■ Aim of the exercise ■
Below are the entries. Transcribe exactly the lines from the one with "Snacks at a" through the one with "お団子アレンジ ボブ ストリート セルフアレンジ ヘアスタイルや髪型の写真・画像", ends included, and leave out all others.

■ Data for processing ■
|---|

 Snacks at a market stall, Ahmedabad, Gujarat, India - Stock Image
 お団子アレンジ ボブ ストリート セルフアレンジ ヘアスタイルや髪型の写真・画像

|---|

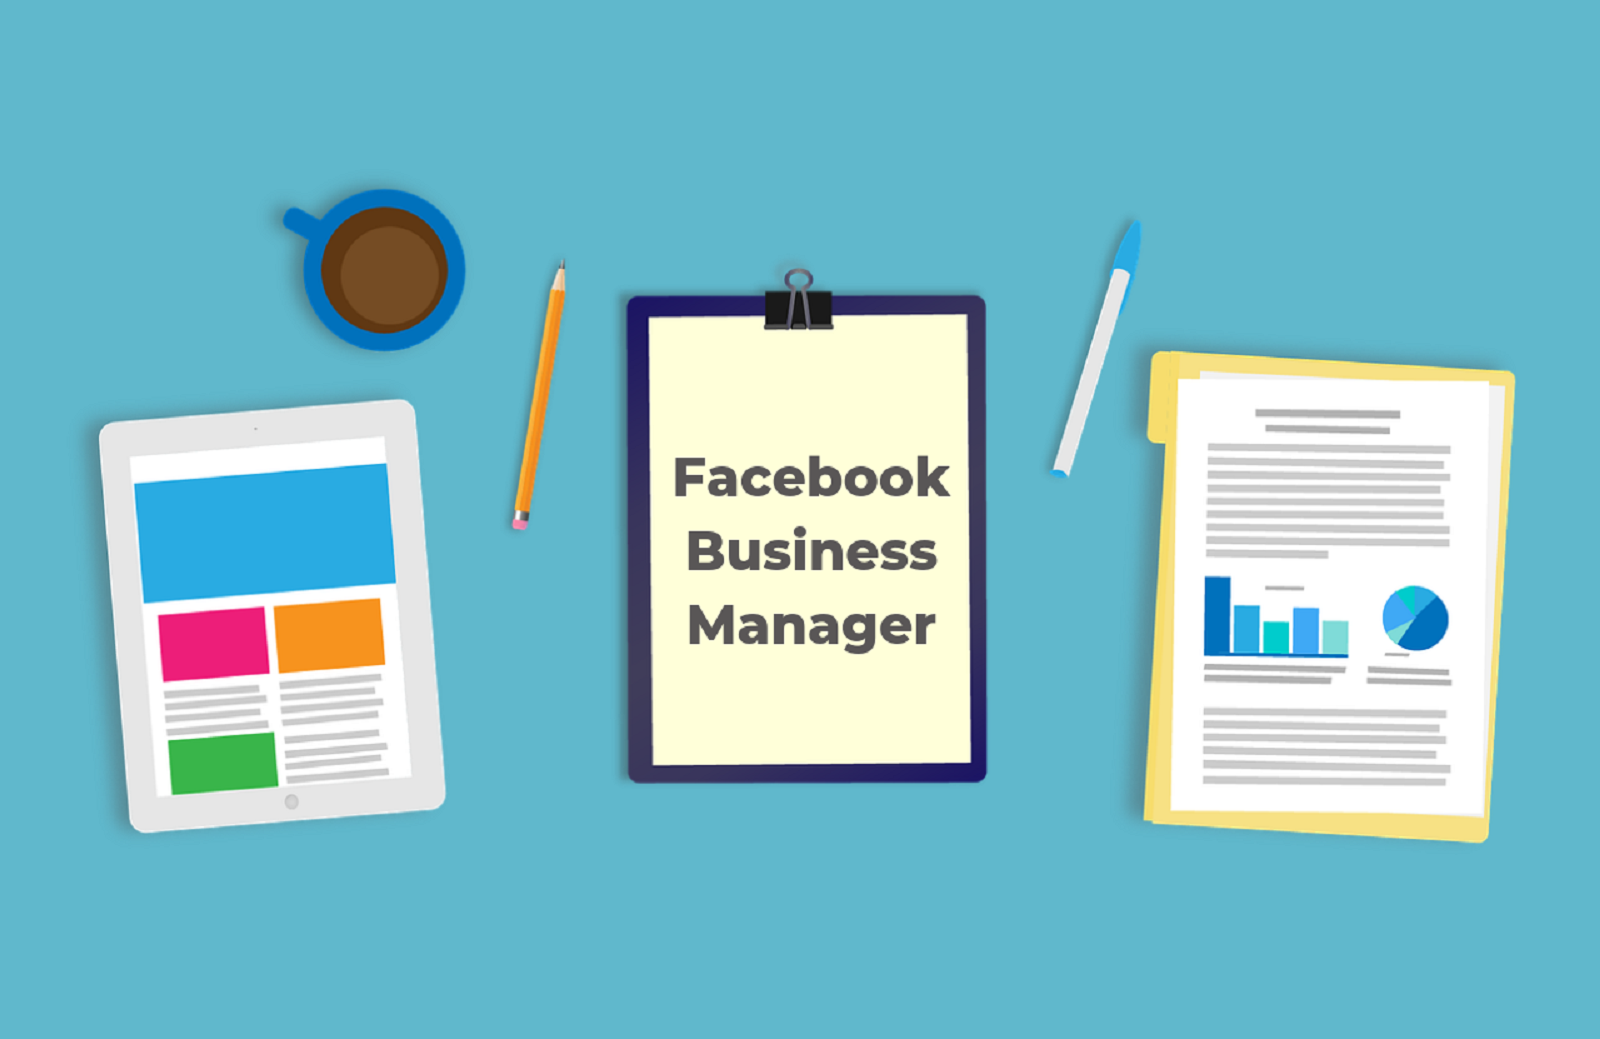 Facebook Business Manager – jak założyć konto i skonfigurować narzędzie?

|---|

■ Written response ■
 Snacks at a market stall, Ahmedabad, Gujarat, India - Stock Image
 お団子アレンジ ボブ ストリート セルフアレンジ ヘアスタイルや髪型の写真・画像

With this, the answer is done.